Over time, drawing has become an increasingly important part of my practice, both as a way of investigating ideas for three-dimensional work and as a process in its own right. This has had the consequence of the two activities becoming thoroughly intermeshed. Drawing has gradually been introduced onto the surface of my sculptures as a substitute for a feature or a plastic form and my drawings have become more sculptural in their production through physical scratching into the surface of the paper and moulding of the drawn lines with abrasives.

Not all my drawings have been blueprints for physical sculptures and in recent years the process of drawing for its own sake has been a stimulus for me. I very much enjoy the opportunity to explore a contained context within which images can exist and to develop more narrative compositions that simply become clumsy and over-theatrical in three-dimensional work. However, I am also fascinated by the possibility of the sculpture surface becoming a kind of canvas for drawn designs. For example, a series of drawings entitled Mind Maze directly influenced the textured imagery in my silver sculpture Lexicon, made for the Sterling Stuff II exhibition held at Pangolin London, King’s Place in 2008.

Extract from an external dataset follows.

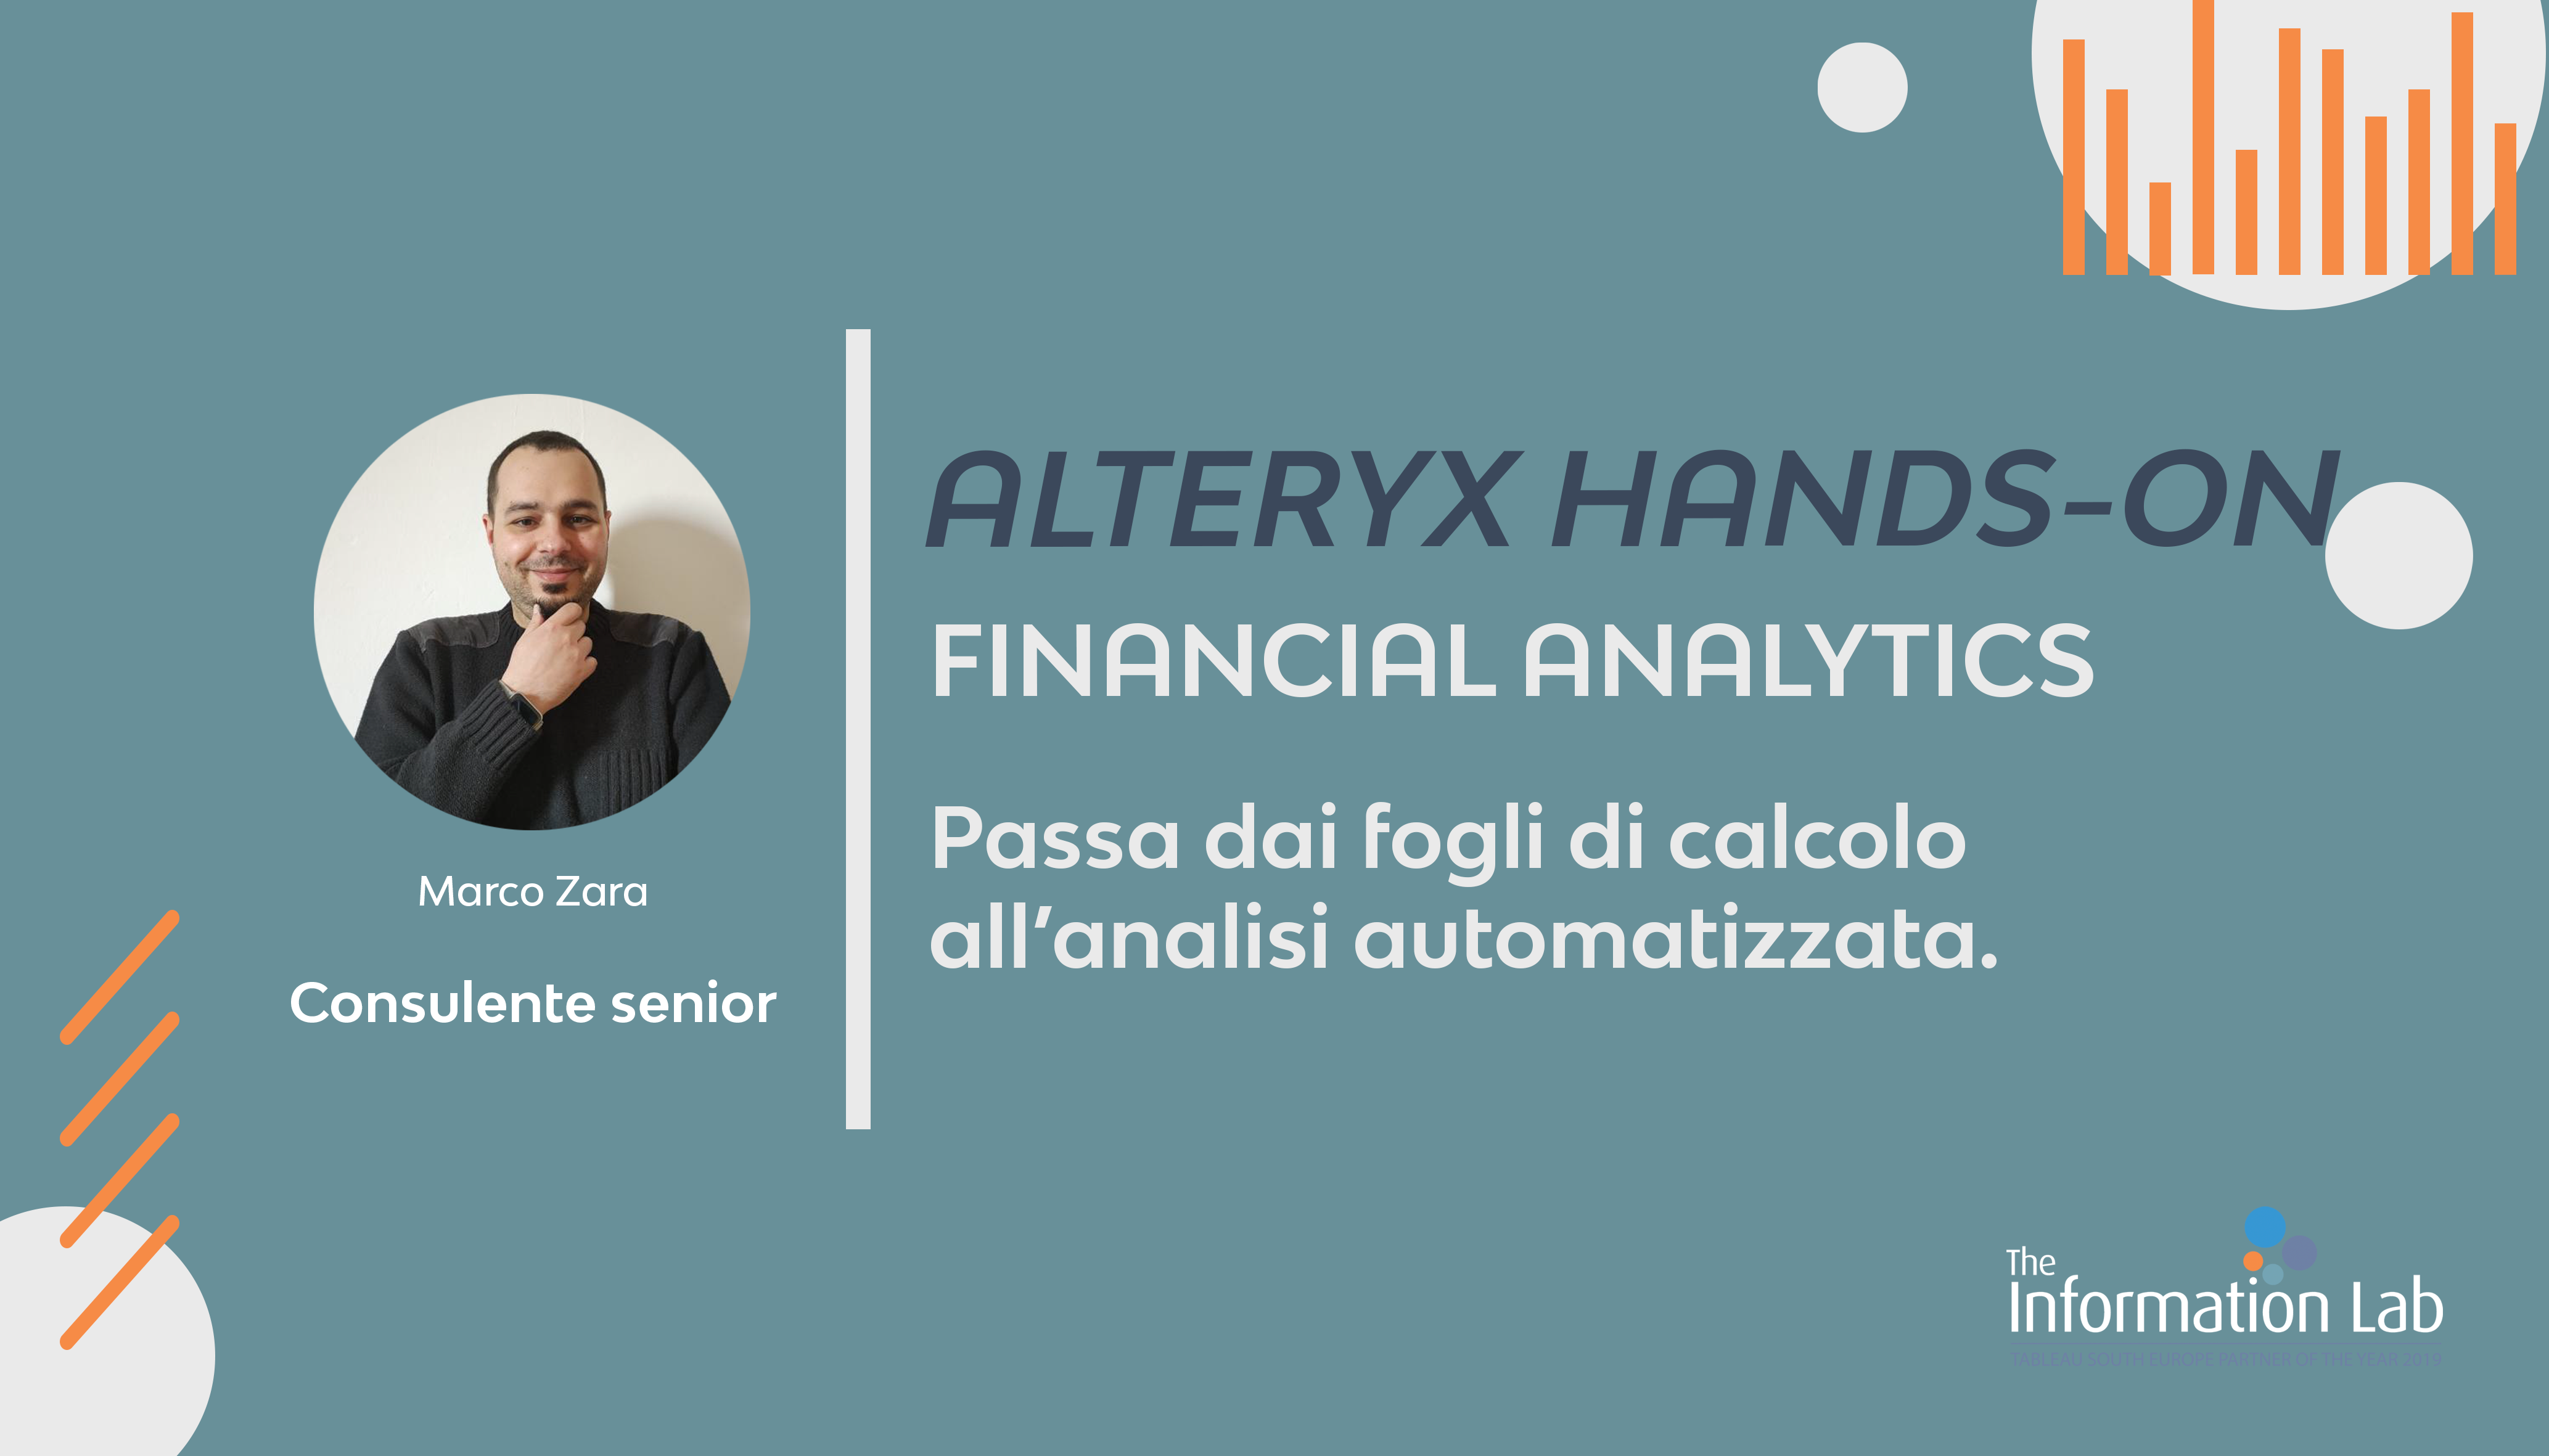 Alteryx Hands On | Financial Analytics

A natural evolution of reproducing images onto sculptural surfaces has been to use replicated images in two dimensions on paper. Printmaking and sculpture have always had a natural affiliation due to the similarity in their physical production. Relief printing in particular is a sculptural process in its own right. My own early monoprints use more or less the same technique employed to imprint motifs on the sculptures made with repeated patterns on their surfaces. These negative-positive combinations fascinate me and like the drawing process, my print and sculpture practices have become closely intertwined.